**Work task:** Write out each line of the listing as it stands, without the images.

**Provided data:**
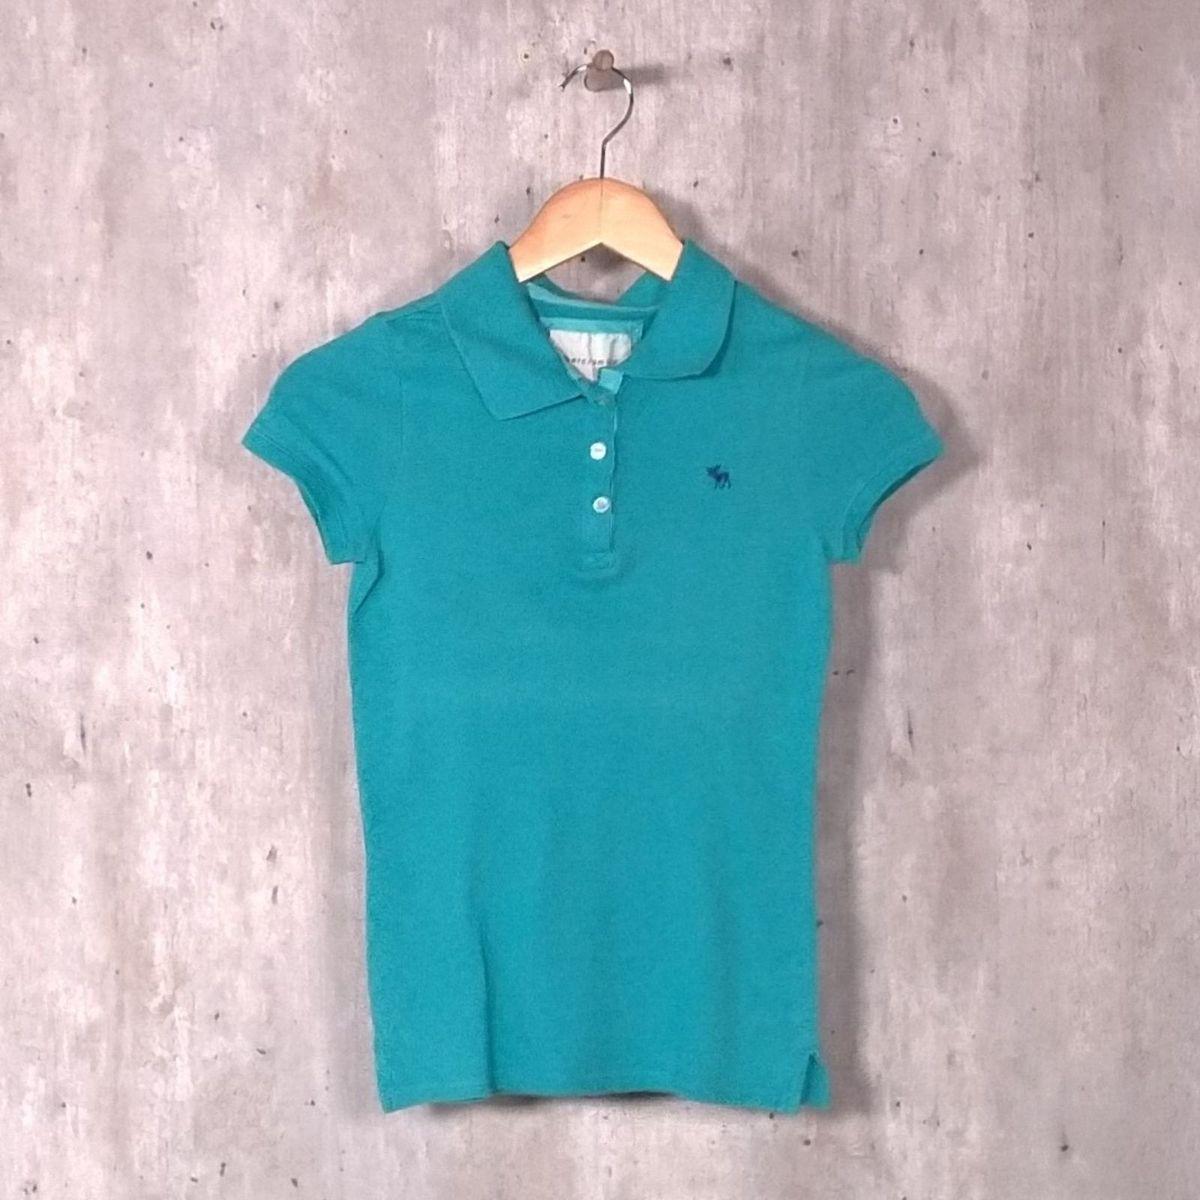 9f264cb9b7 camisa polo azul turquesa - camisas abercrombie   fitch
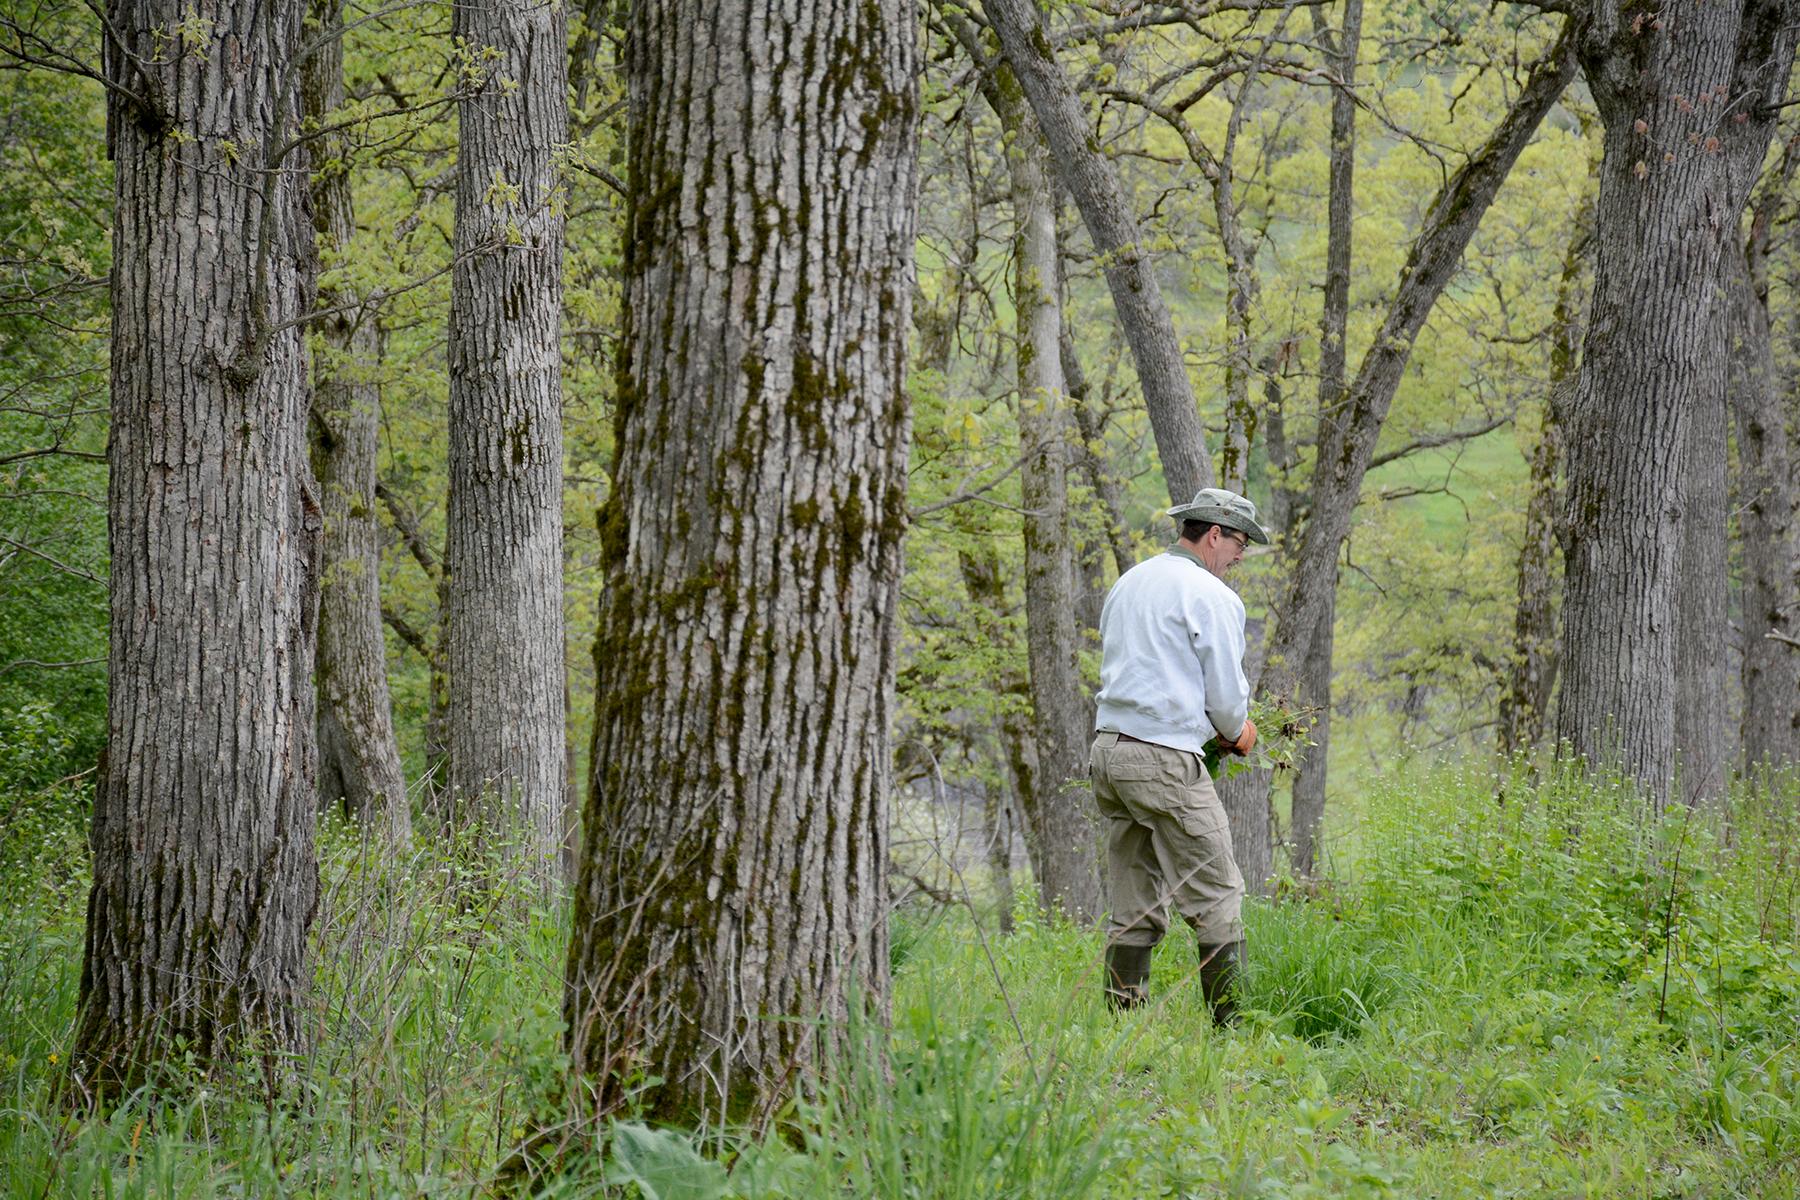 Jim Lesniak pulls invasive garlic mustard between towering trees during a volunteer work day at Muehllehner Addition - Barneveld Prairie, Wis. May 14, 2016.
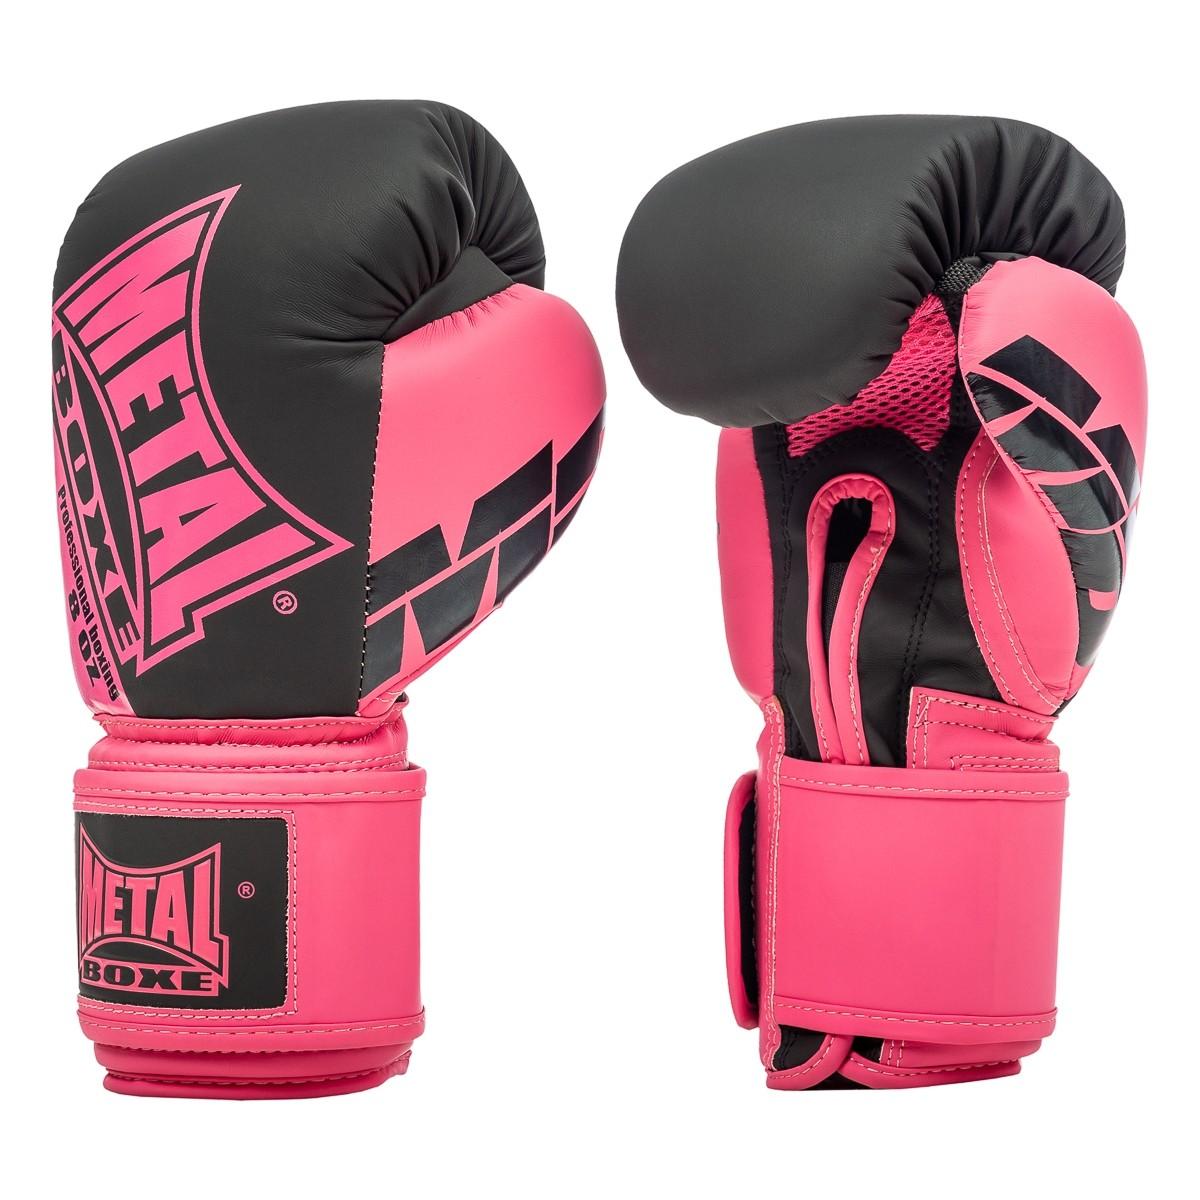 gants boxe femme

**Output for this exercise:**
 9f264cb9b7 camisa polo azul turquesa - camisas abercrombie   fitch
 Jim Lesniak pulls invasive garlic mustard between towering trees during a volunteer work day at Muehllehner Addition - Barneveld Prairie, Wis. May 14, 2016.
 gants boxe femme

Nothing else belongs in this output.